C’est cette nuit-là que s’était fait le bouleversement complet de son âme, et qu’elle avait commencé à devenir ce qu’elle était désormais devenue. C’est cette nuit-là qu’elle avait cessé de croire en Dieu. Jusqu’alors elle avait cru en Dieu, et elle avait cru que les autres y croyaient ; mais, cette nuit-là, elle s’était dit qu’il n’y avait pas de Dieu, que personne n’y croyait, et que tous ceux qui parlaient de Dieu et de ses lois n’avaient d’autre objet que de la tromper. Cet homme qu’elle aimait, et qui l’avait aimée aussi, et qui l’avait séduite et abandonnée, elle savait qu’il était le meilleur de tous. Les autres étaient pires encore ! Et tout ce qui était arrivé dans la suite à Katucha avait fortifié en elle cette conviction. Les tantes de Nekhludov, ces vieilles dames confites en dévotion, l’avaient chassée le jour où elle n’avait plus été en état de travailler autant que par le passé. Des personnes diverses à qui elle avait eu affaire ensuite, les unes, — les femmes surtout, — n’avaient vu en elle que de l’argent à gagner, les autres, — les hommes, depuis le stanovoï jusqu’aux gardiens de la prison, — n’avaient vu en elle que la satisfaction de leurs instincts sensuels. Il n’y avait personne au monde qui s’inquiétât d’autre chose que de satisfaire ses instincts. C’est ce qu’avait achevé de faire comprendre à Katucha le vieil homme de lettres dont elle avait été autrefois la maîtresse : celui-là lui avait ouvertement déclaré que la satisfaction des instincts sensuels était l’unique sagesse, l’unique beauté de la vie.
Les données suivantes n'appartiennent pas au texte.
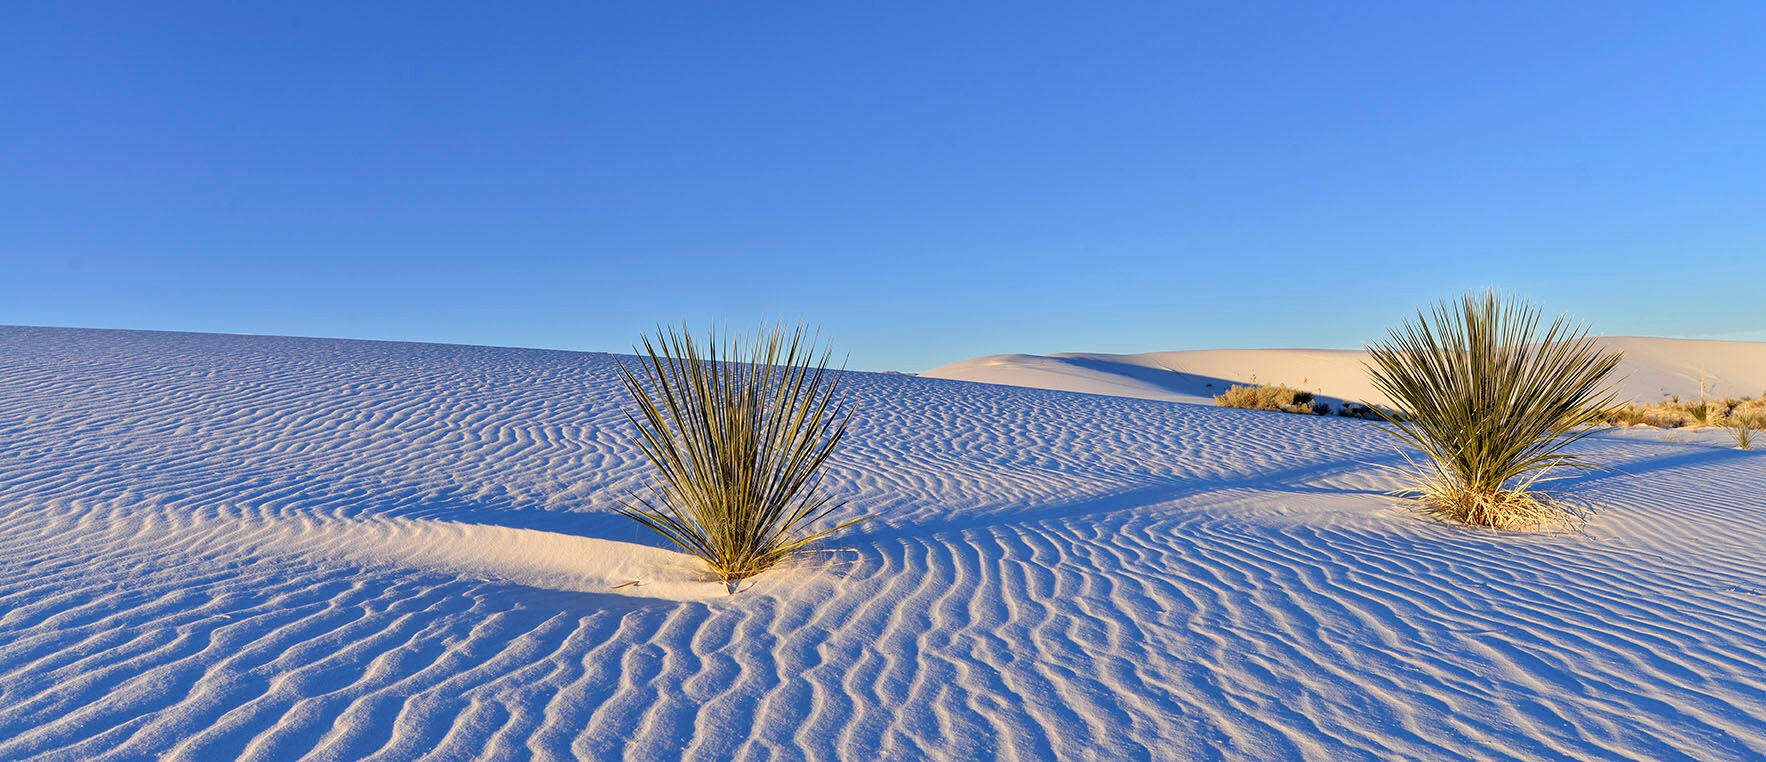 White Sands National Park comprises a vast 275 square mile sea of pure white gypsum sand dunes. You feel as though you have stepped...

Personne au monde ne vivait que pour soi, et tout ce qu’on disait de Dieu et du bien n’était que duperie ! Voilà ce que pensait la Maslova ; et quand, par aventure, la question se présentait à elle de savoir pourquoi tout, dans le monde, était si mal arrangé et pourquoi les hommes ne faisaient que se tourmenter les uns les autres au lieu de jouir en paix de la vie, elle se hâtait de repousser cette question importune. Une cigarette, un verre d’eau-de-vie, et de nouveau elle se sentait rassurée.